**What you have to do:** Without the images, write out the whole listing exactly.

**Data provided:**

※

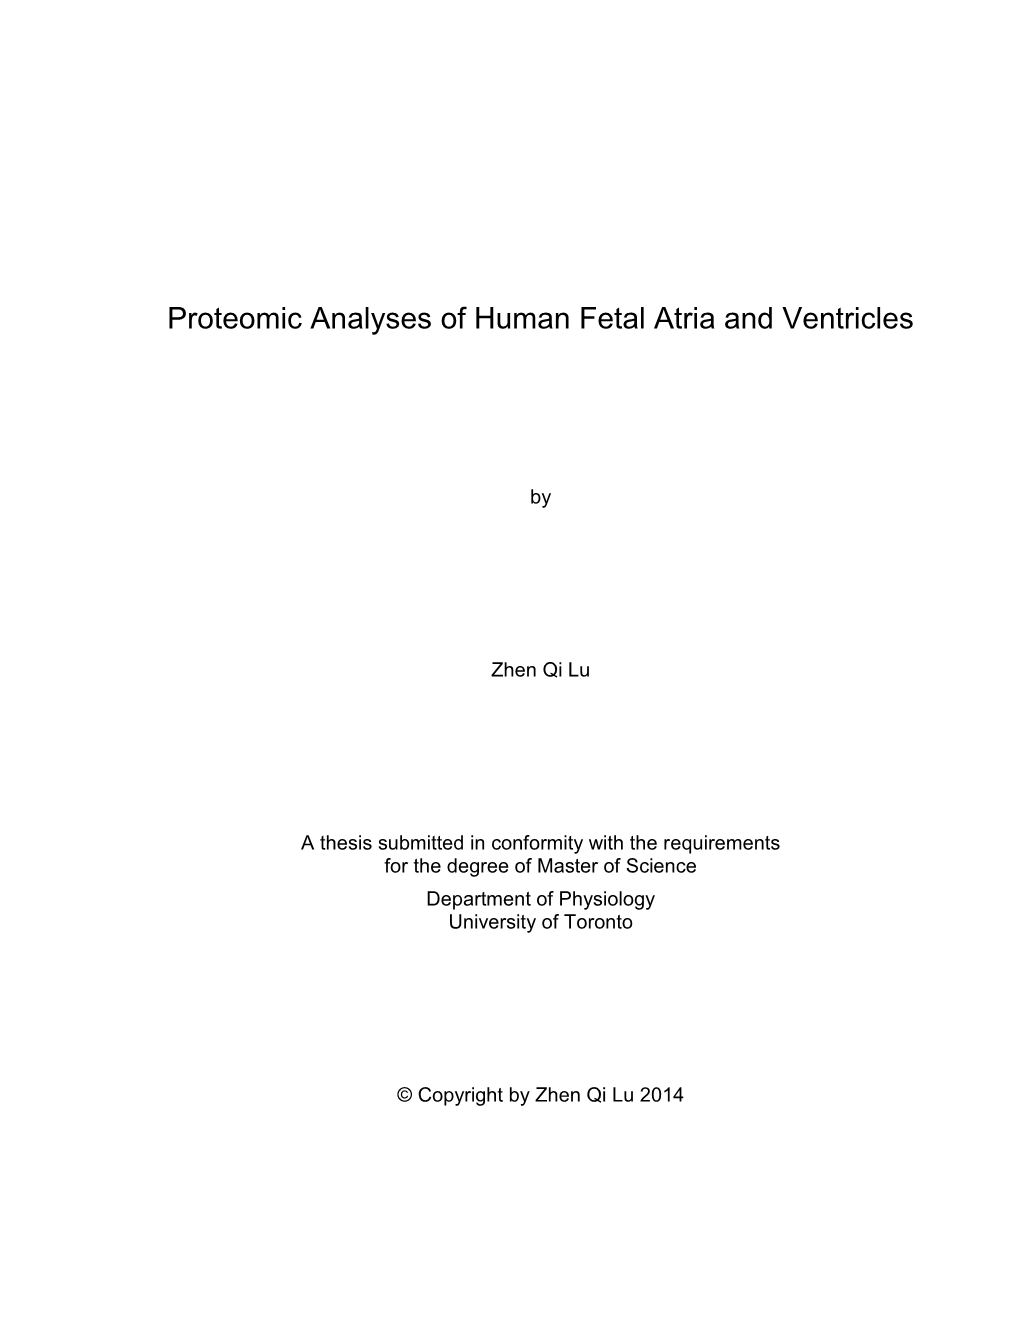 Proteomic Analyses of Human Fetal Atria and Ventricles
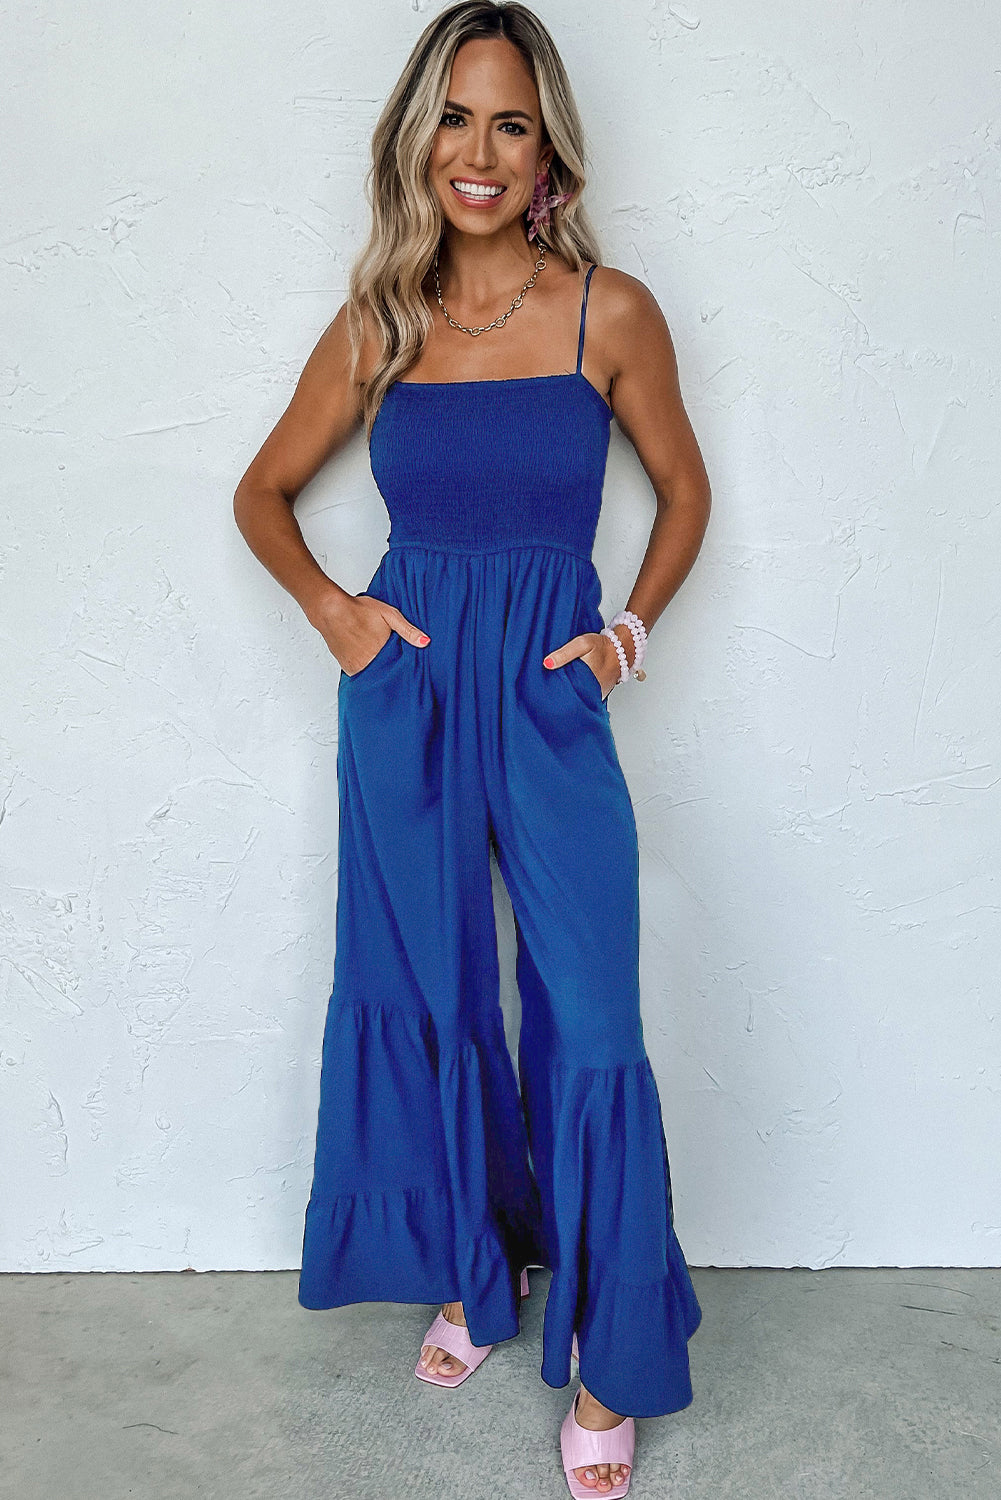 Chic Elegance: Navy Blue Spaghetti Straps Jumpsuit with Ruffled Details
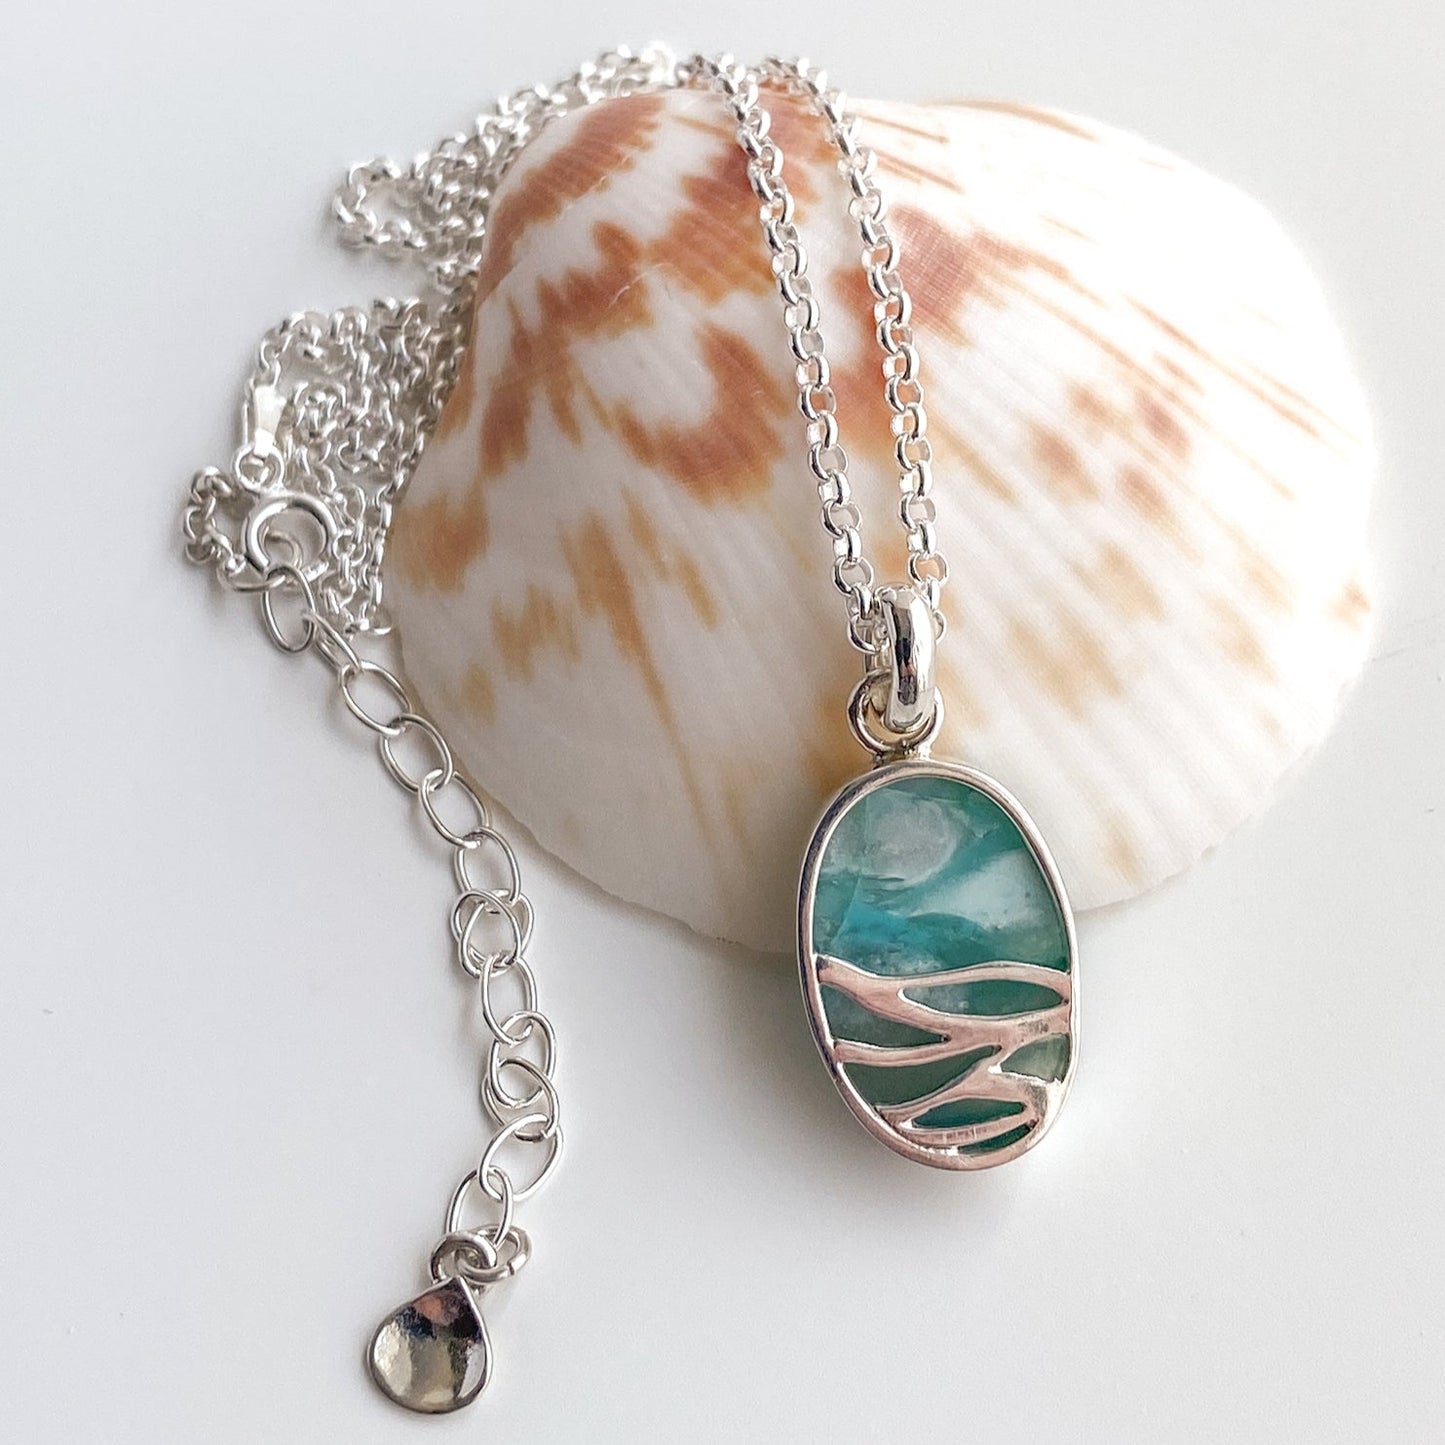 closeup view of the reverse side of the pendant revealing the waves cut out design and the backside of the teal and aqua stone

※

**Written response:**
 Proteomic Analyses of Human Fetal Atria and Ventricles
 Chic Elegance: Navy Blue Spaghetti Straps Jumpsuit with Ruffled Details
 closeup view of the reverse side of the pendant revealing the waves cut out design and the backside of the teal and aqua stone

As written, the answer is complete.